In the Spring of 2012 we acquired new server and storage hardware in the library, so we are now in the planning stages of migrating the current installation of Fedora to a Linux server as soon as possible. While Fedora itself functions well in Tomcat on a Windows machine, we have run into complications from running Tomcat through IIS and its communication with other Linux servers.

After we determined our repository architecture and began implementation, we started to look for ingestion clients. In hindsight, this was not the ideal order that process should have taken. We had particular needs for an ingestion client that had to maintain the ease of use that CONTENTdm previously offered our project partners for ingesting diverse archival materials. This meant that one requirement for our ingestion client would be the ability to batch ingest from a spreadsheet (ie: tab-delimited text files). At this point our inexperience with DAMS construction almost created serious problems and we found the task of identifying an ingestion client more challenging than expected. When we looked for an ingestion method, we found that most ingestion clients were either designed for the 2.x Fedora release (Elated, Fez) or were still in the planning stages and would eventually become something unrelated to our project needs (e.g., Ensemble). The only ingestion client that met enough of our needs to suffice was OpenWMS from Rutgers. OpenWMS is a web-based metadata client that allows the user to ingest and export metadata and digital objects into and out of Fedora. It provides a direct, web-based interface for collection, sub-collection and single item creation as well as batch import and metadata mapping. OpenWMS allows for the ingestion of tab-delimited text files of metadata and converts those files into Fedora Object XML (FOXML) encoded records. OpenWMS then creates a packaged directory that is ready for Fedora.

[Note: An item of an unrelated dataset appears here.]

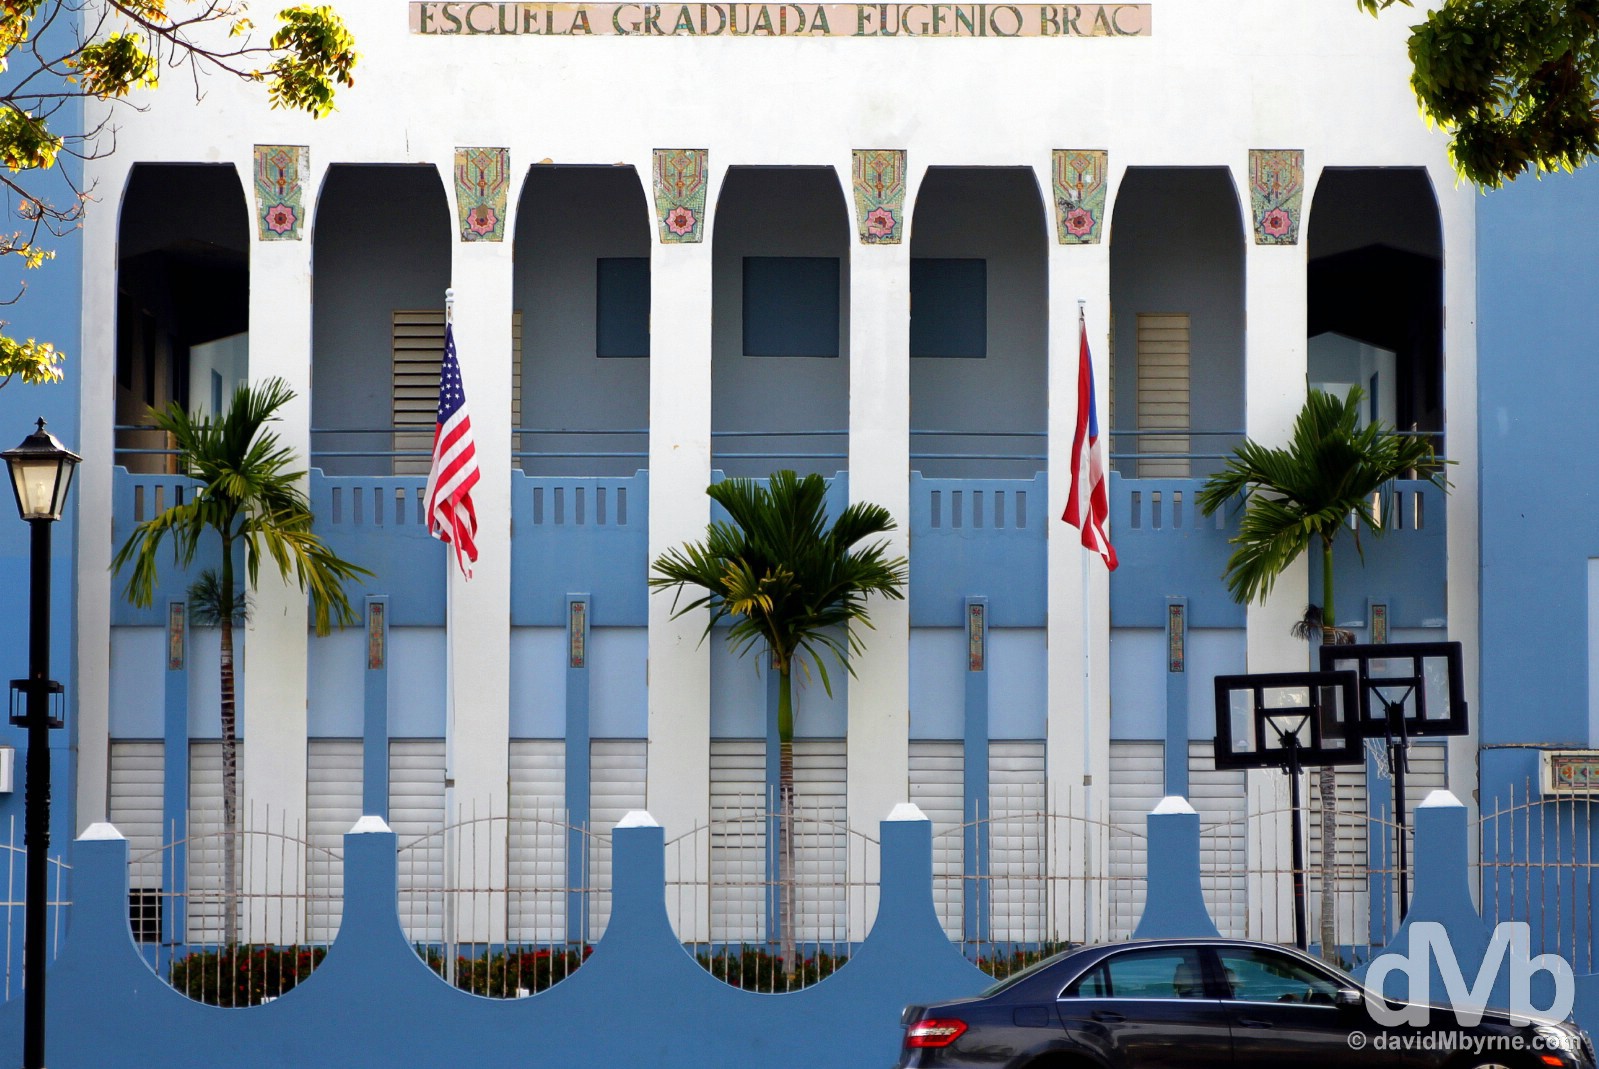 Escuela Graduada Eugenio Brac off Plaza de Fajardo in Fajardo, eastern Puerto Rico, Greater Antilles. June 5, 2015.

Most importantly for us, and one of the reasons why we still use it as an ingestion client today, is that OpenWMS allows the user to import metadata using an in-house schema. At the time of adoption, OpenWMS only allowed the user to map from an in-house schema, MARC, or MODS (the stable release now allows a variety of schema). LCDL’s CONTENTdm metadata schema was Dublin Core based. Over the years LCDL’s Dublin Core had ballooned up to over sixty elements and upon review, it appeared that over one third of these elements were outright duplicates or variants upon existing fields. Using the OpenWMS system to ingest our items into Fedora required that our CONTENTdm metadata be made mappable from Dublin Core to MODS (OpenWMS’ underlying descriptive metadata schema). However, we viewed this requirement as both a justification and excellent opportunity to rectify the earlier metadata of our digital collections. This labor-intensive rectification (which at the time of this writing is about half-way complete, with only 25,000 more items remaining) has yielded significantly more accurate metadata. This rectification is also making our upcoming inclusion into the Digital Public Library of America (DPLA) easier as we are already correcting most of the metadata inconsistencies that early DPLA quality assessment and quality control have uncovered.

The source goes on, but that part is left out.